For most of financial crime history, scale was a limiting factor. Running a convincing phishing campaign required language skills, time and human coordination. Recruiting money mules demanded operational reach. Creating fraudulent identity documents took craft and effort. That constraint no longer applies.
AI has removed this hurdle, and the implications for compliance and financial crime professionals are only beginning to be understood.
Adam Khan and Robin Lee are practitioners, educators and two of the designers behind ICA Specialist Certificate in AI Threats and Risk Mitigation.

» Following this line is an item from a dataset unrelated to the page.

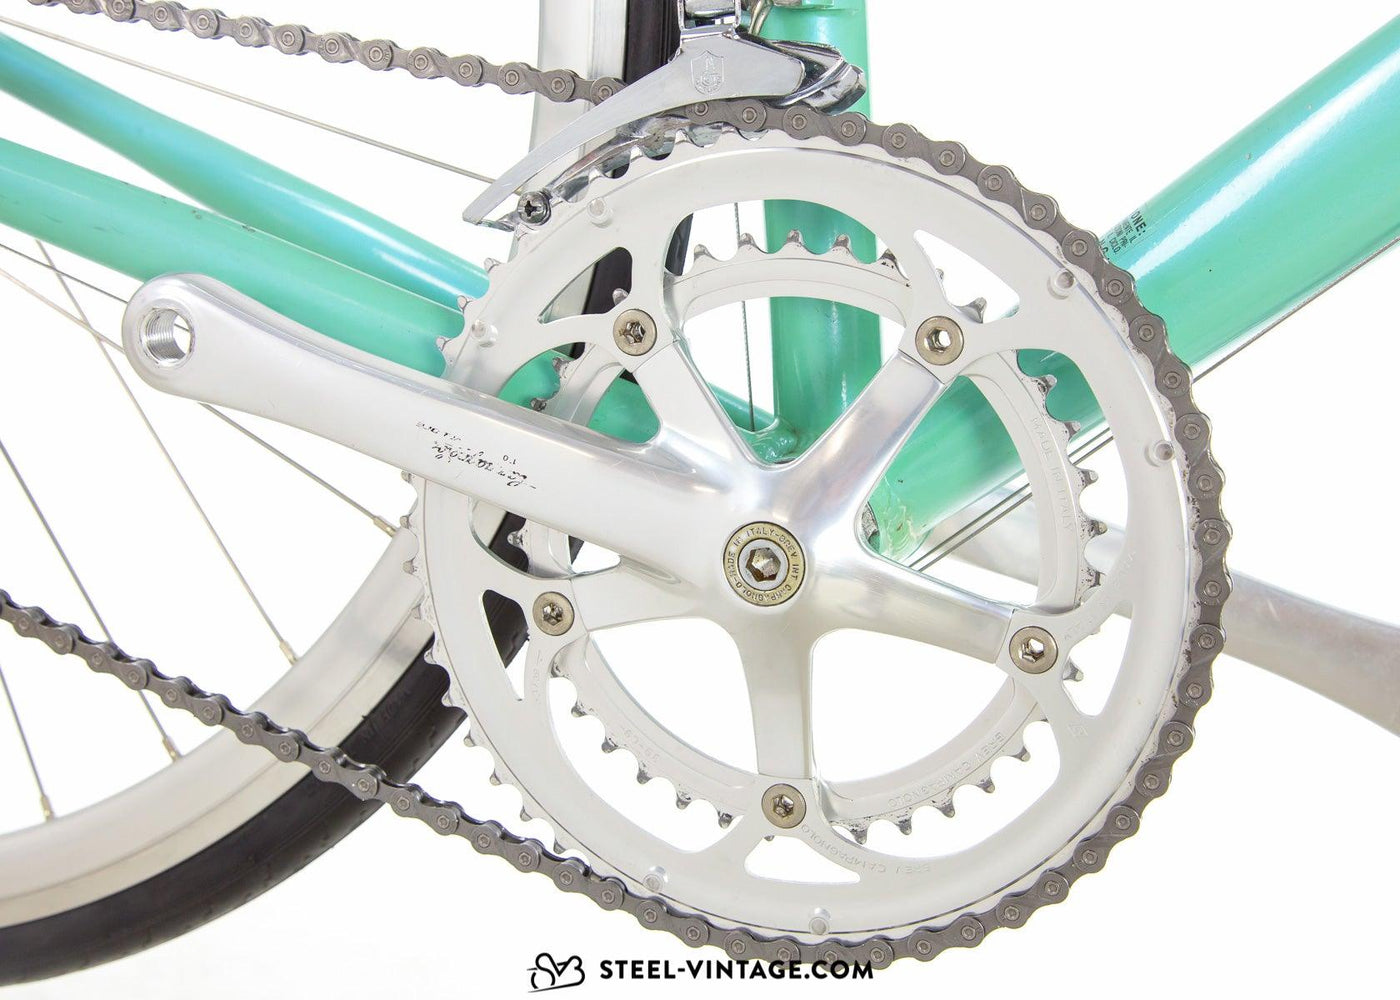 Bianchi Gold Race Team Road Bike 2000 - Steel Vintage Bikes

Their perspective on where the threats are greatest, and where organisations are falling short, is drawn directly from the work that shaped the course.
Scale, credibility and attack surface: three shifts redefining threat landscape
Khan and Lee identify three interconnected changes reshaping what compliance and financial crime teams are up against. The first is scale. Activities that once required significant time, language expertise and human coordination such as synthetic identity creation and investment scams, can now be reproduced faster, cheaper and more convincingly than ever before.
The second shift is credibility. “AI technology can generate deepfake audio, video, cloned voices, websites, documents and fully interactive avatars,” they explain. “Messages and communication can be highly personalised, making scams harder to detect using traditional red flags. Fraud attacks are becoming less clumsy and more context aware.” Many existing controls depend on people noticing something that feels wrong. As deepfake technology improves, that intuition becomes a less reliable defence.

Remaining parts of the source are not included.